# I need a carpenter; Recommendations?



## dogtags (Apr 24, 2011)

I need a carpenter (Lakeside area) to make me a custom-designed loft bed with desk below. I have seen lots of them on the internet, but nothing is exactly what I want.

If you have any suggestions on who might be able to do this, I'd be grateful.

Another question (matter of opinion and suggestions):

Our rental house has a large two-door (black iron) gate with some bas-relief designs which I believe were originally painted gold or some other color, and the top has the typical "arrow-points" (I'm sure there is a better architectural term) on top. I was thinking about having the designs and the top "arrows" painted gold again.

HOWEVER, I am wondering: would this appear ostentatious, and attract unwanted attention; or would it be an acceptable way to boost the curb appeal of the house? We are on in la Floresta, directly on the carretera. 

If you think it's a good idea, can you recommend someone to do it. I still can't color within the lines. 

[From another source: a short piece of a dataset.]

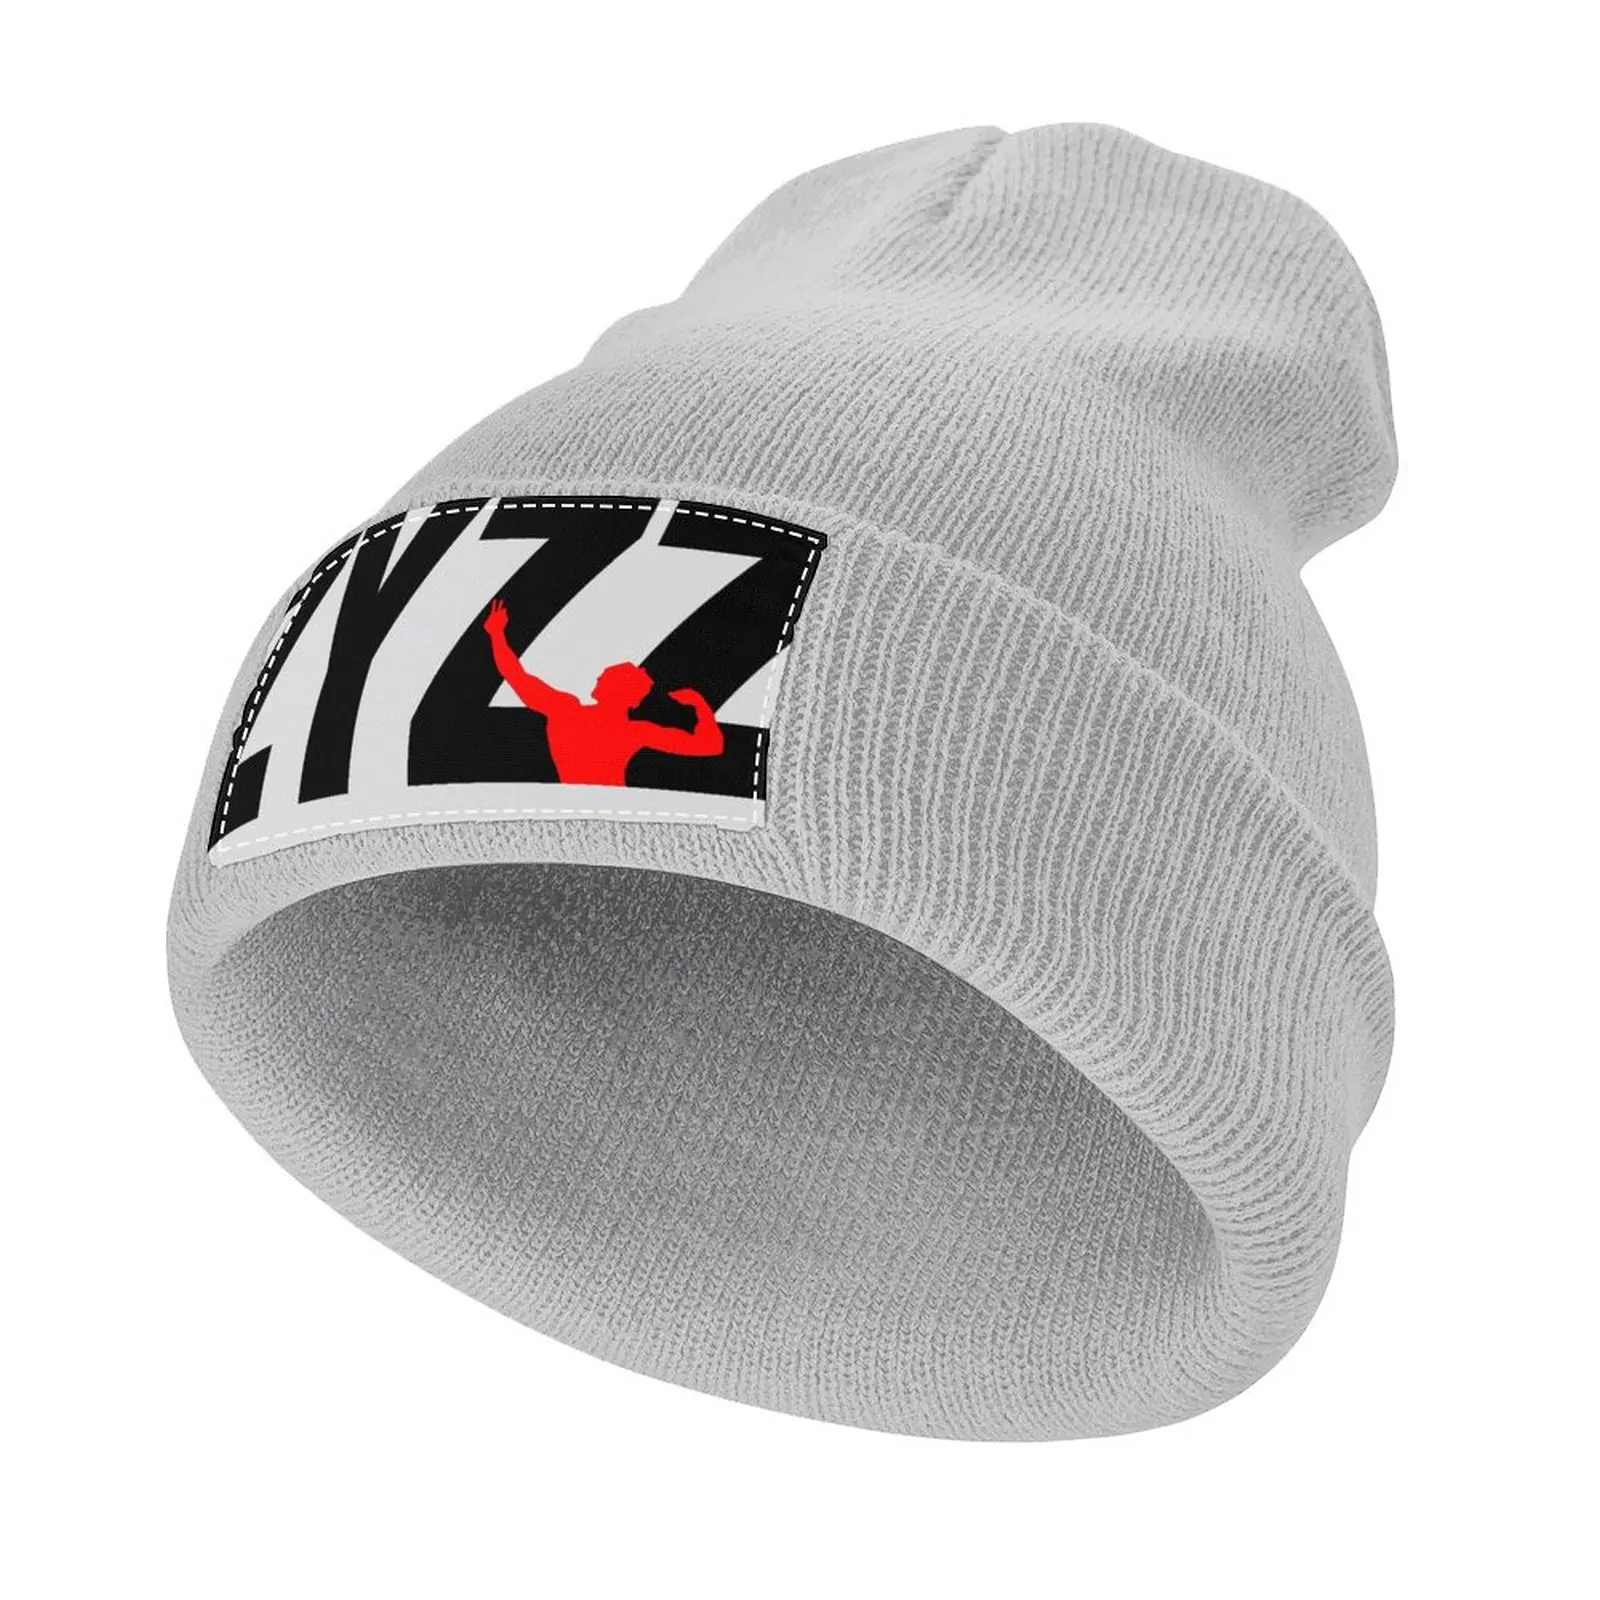 

Zyzz Text Sickkunt Gym Bodybuilding Motivational Aesthetic Veni Vidi Vici Design Knitted Hat Golf Wear Hat For Men Women's

The owner would have to give permission, and we may have to repaint it all black again in the end if he decides he doesn't like it.

Ideas? Opinions?

dogtags


----------



## RVGRINGO (May 16, 2007)

If you can draw what you want to build, with dimensions, there are many places to have your bed/desk built at Lake Chapala: The lumber yard on the Chapala-Ajijic highway, Mexico Rustico on the same highway, or the 'Have Hammers group from LCS, on Calle Ocampo, near Manix Restaurant.


----------